In a new SEC filing this morning, Twitter shared a letter it received from Elon Musk’s legal team expressing dissatisfaction with the company’s information on the level of “spam and fake accounts. “at your service. This is the same concern that the tech entrepreneur has been widely circulating since his agreement to buy the social media platform was resolved earlier this year.
According to the letter, which you can read in full here, Musk believes that Twitter’s latest offer only provides additional details about the company’s own test methodologies, either through written materials or verbal explanations. [as] is tantamount to refusing [his] data requests “, requests that the CEO of SpaceX and Tesla says will help” facilitate your assessment of spam and fake accounts on the company’s platform. “
The letter says that more data (and not just an explanation of how existing data was collected) about non-human Twitter users, both natural and spam, is important to help close the transaction from a financing. “As a potential Twitter owner, Mr. Musk is clearly entitled to the data requested to enable him to prepare for the transition of the Twitter business to his ownership and to facilitate the financing of his transaction.” , says the letter.

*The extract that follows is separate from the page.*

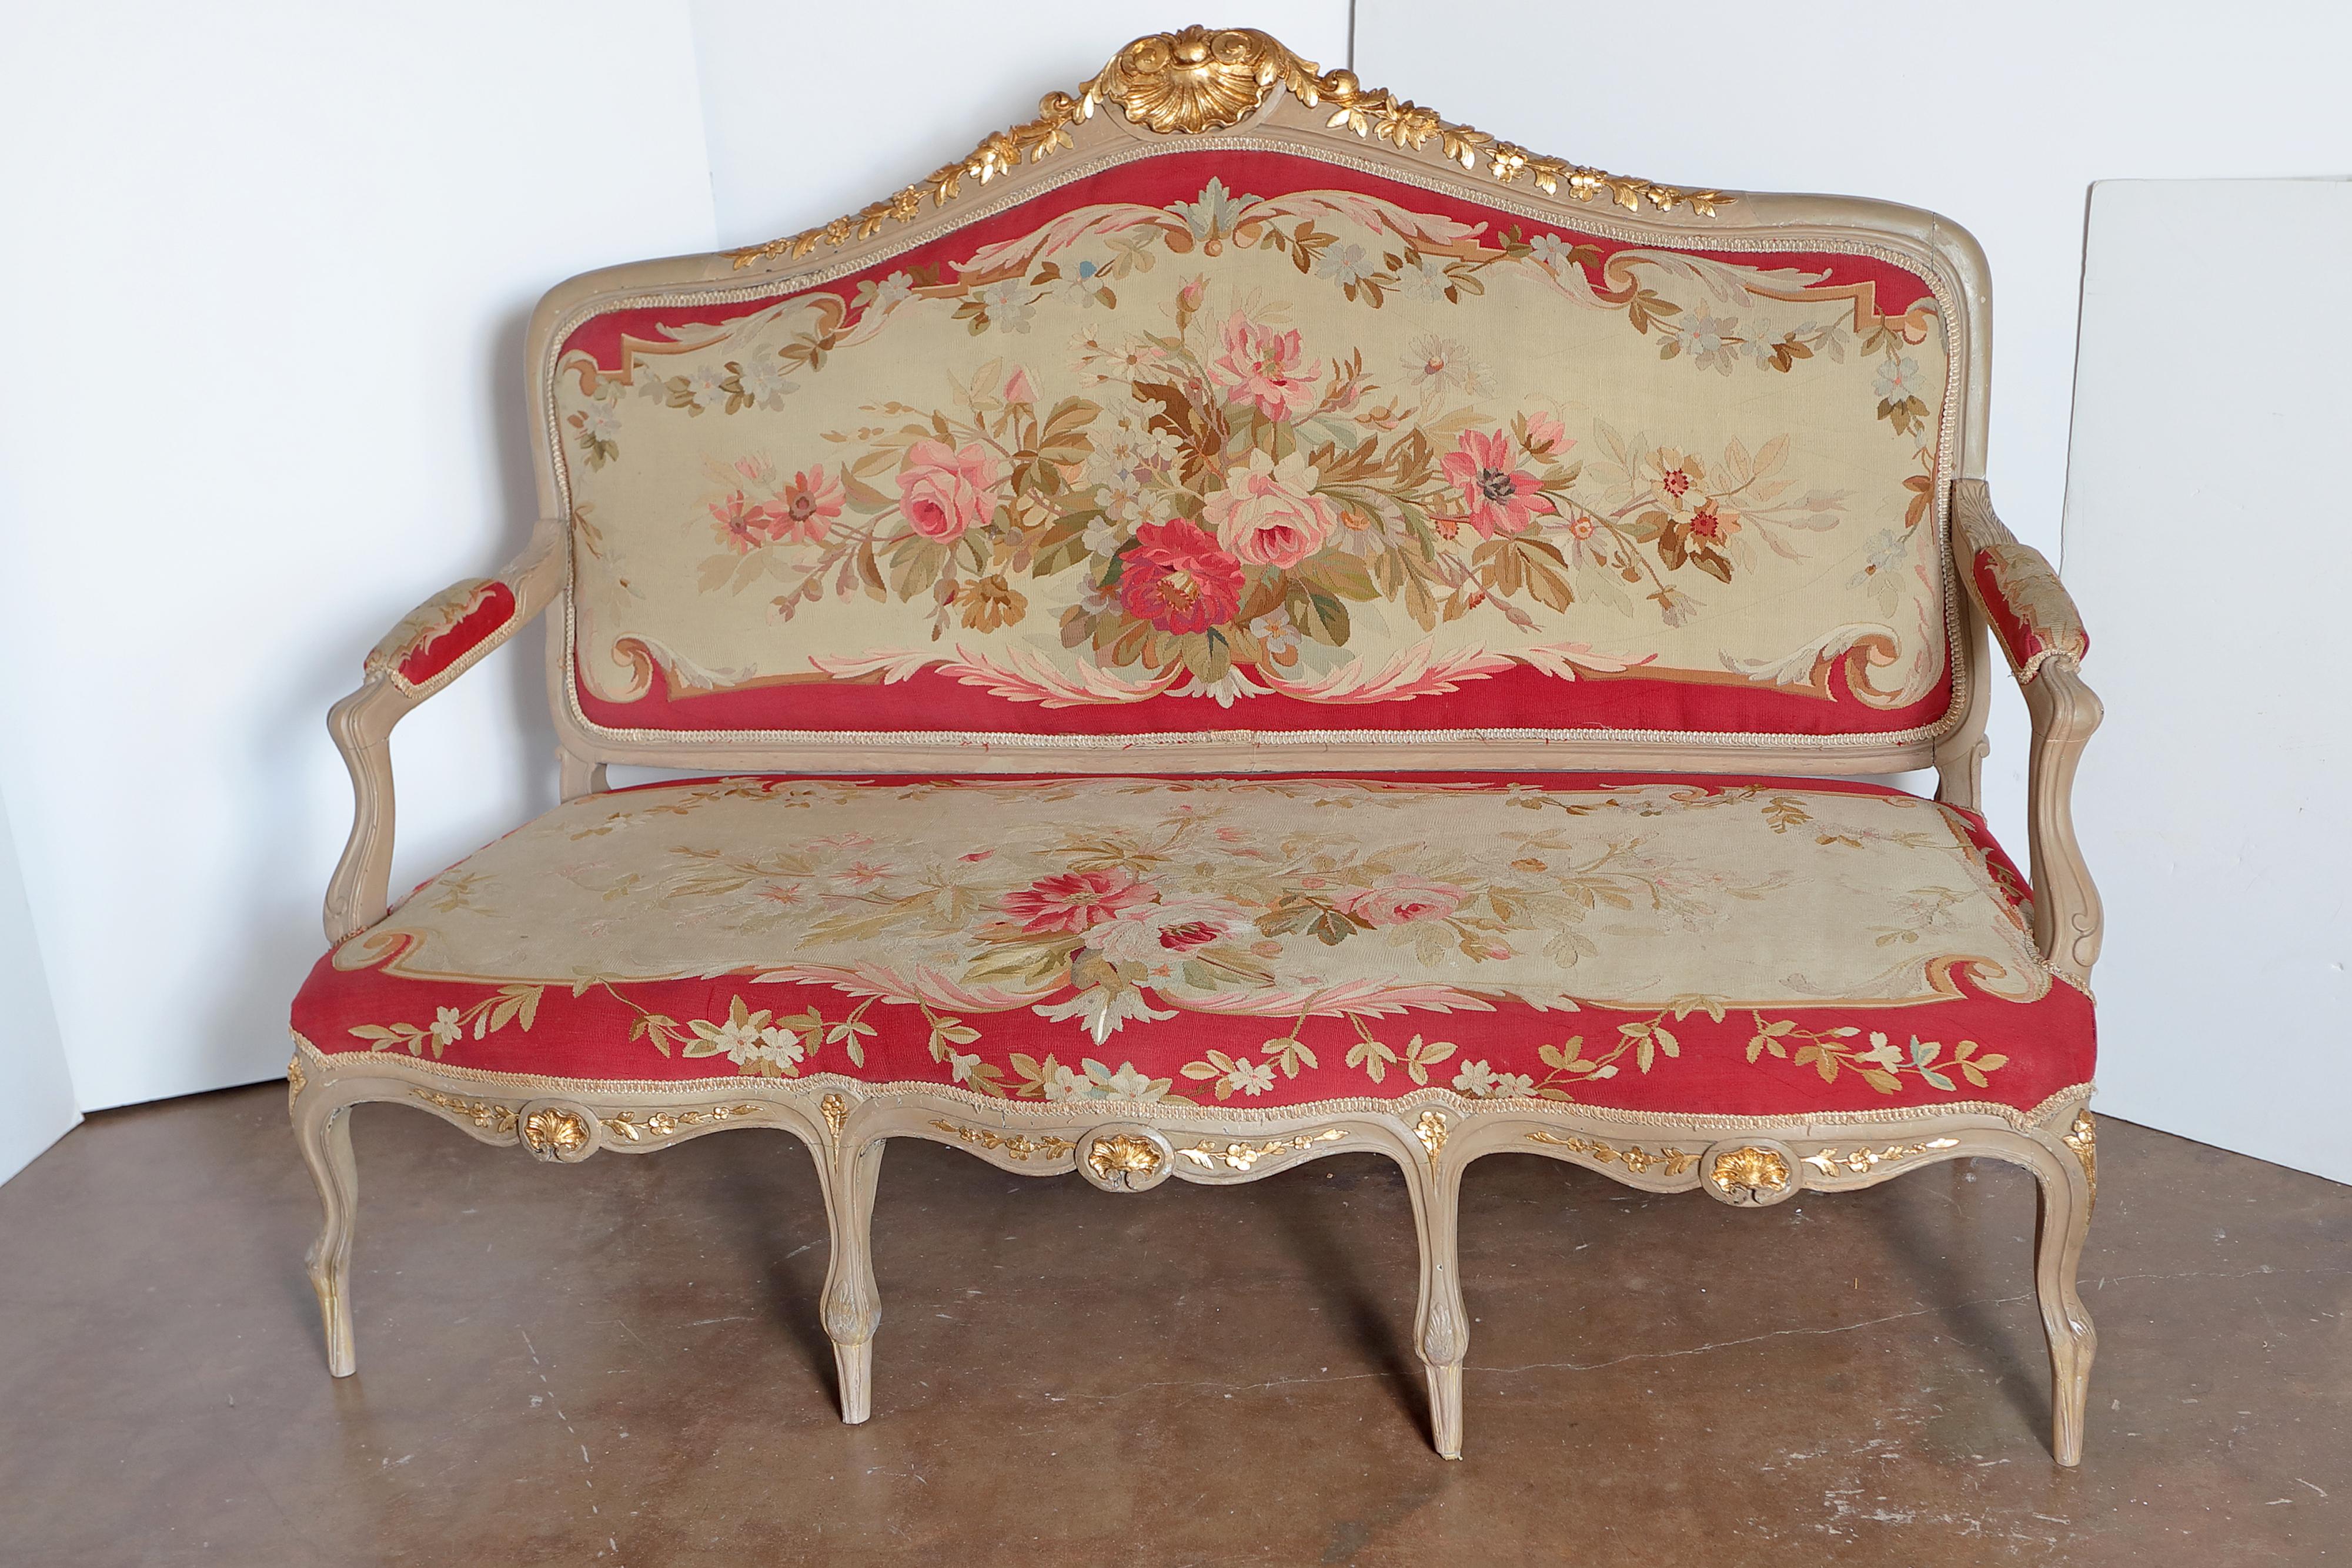 Beautiful 19th century French large suite consisting of a settee and 4 arm chairs and two side chairs. Original painted grey with parcel gilt details. Beautiful Aubusson tapestry with floral detail.

At the end of the brief correspondence, Musk’s legal team threatens to end the deal (emphasis: TechCrunch):
Based on Twitter’s behavior so far, and the latest correspondence from the particular company, Mr. Musk believes the company is actively resisting and frustrating its rights to information (and the corresponding obligations of the company) under the merger agreement. This is a clear material breach of Twitter’s obligations under the Merger Agreement and Mr. Musk reserves all rights arising from it, including its right not to complete the transaction and its right to terminate the Merger Agreement.
Words of true struggle.
Following Musk’s various moves to influence the social network at first, and then to buy it in bulk, the controversial poster has made several claims about how Twitter has non-human users. Musk even tweeted excrement-themed emojis to Twitter CEO at social service after Parag Agrawal wrote a thread about how the company handles spam and bots.

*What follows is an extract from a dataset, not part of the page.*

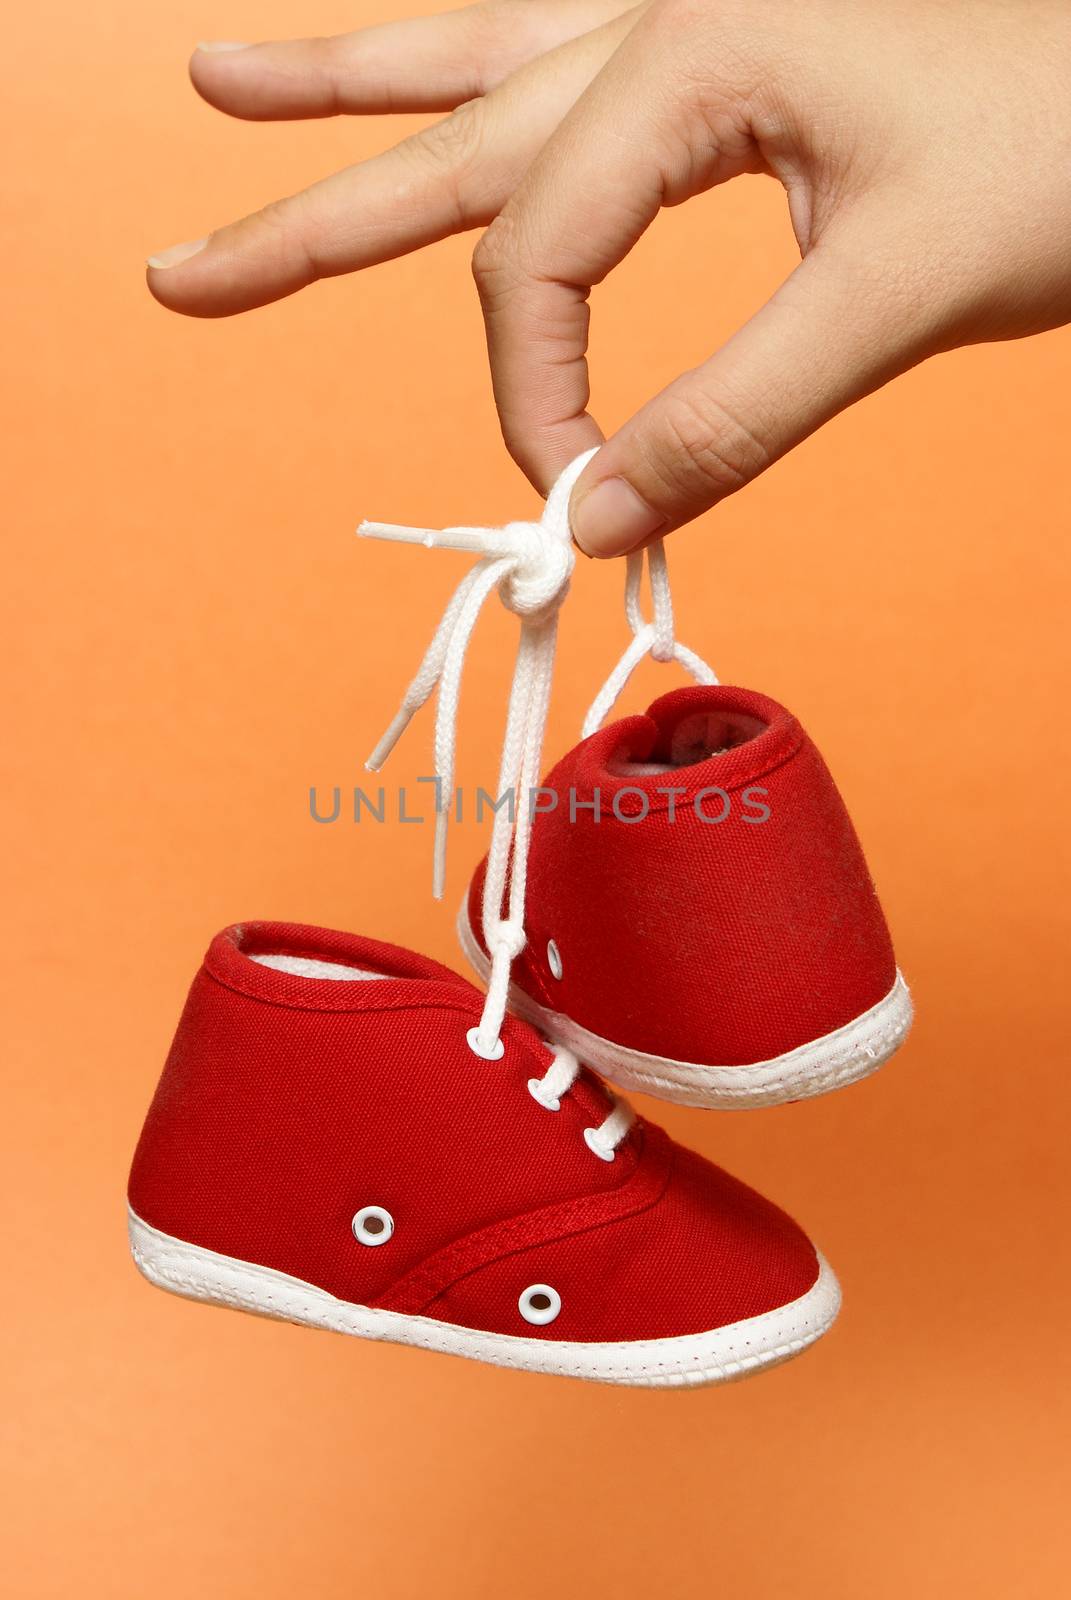 A mother holds on to a pair of baby shoes.

The pace at which Musk went from charging to forcing Twitter to accept his offer, valuing the company at $ 54.20 per share, to attacking the company, its leadership and data on non-human users was fast and, many speculated, indicative of their desire not to complete the deal at the agreed price. Since the deal was forced into existence, the value of technology stocks has dropped dramatically, making the transaction seem more expensive as time goes on.
We now have a clear threat from Musk’s team that he can walk away if he doesn’t get more information. If Musk’s demands are in good faith, we leave it to you. But the situation poses an interesting enigma. If Twitter wants to force Musk to pay the agreed price, it can grant and share more data. But if so, what prevents Musk from posting on Twitter about the information disclosed? Your letter states that “of course, you will comply with the restrictions set forth in section 6.4, including ensuring that anyone reviewing the data is subject to a non-disclosure agreement,” but does anyone take that statement seriously?
Fortunately, if Twitter doesn’t want to sell to Musk (remember that the company originally enacted a poison pill defense to defend itself from its proposals), it simply can’t share more information, allowing its potential acquirer to try to get out of the agreement.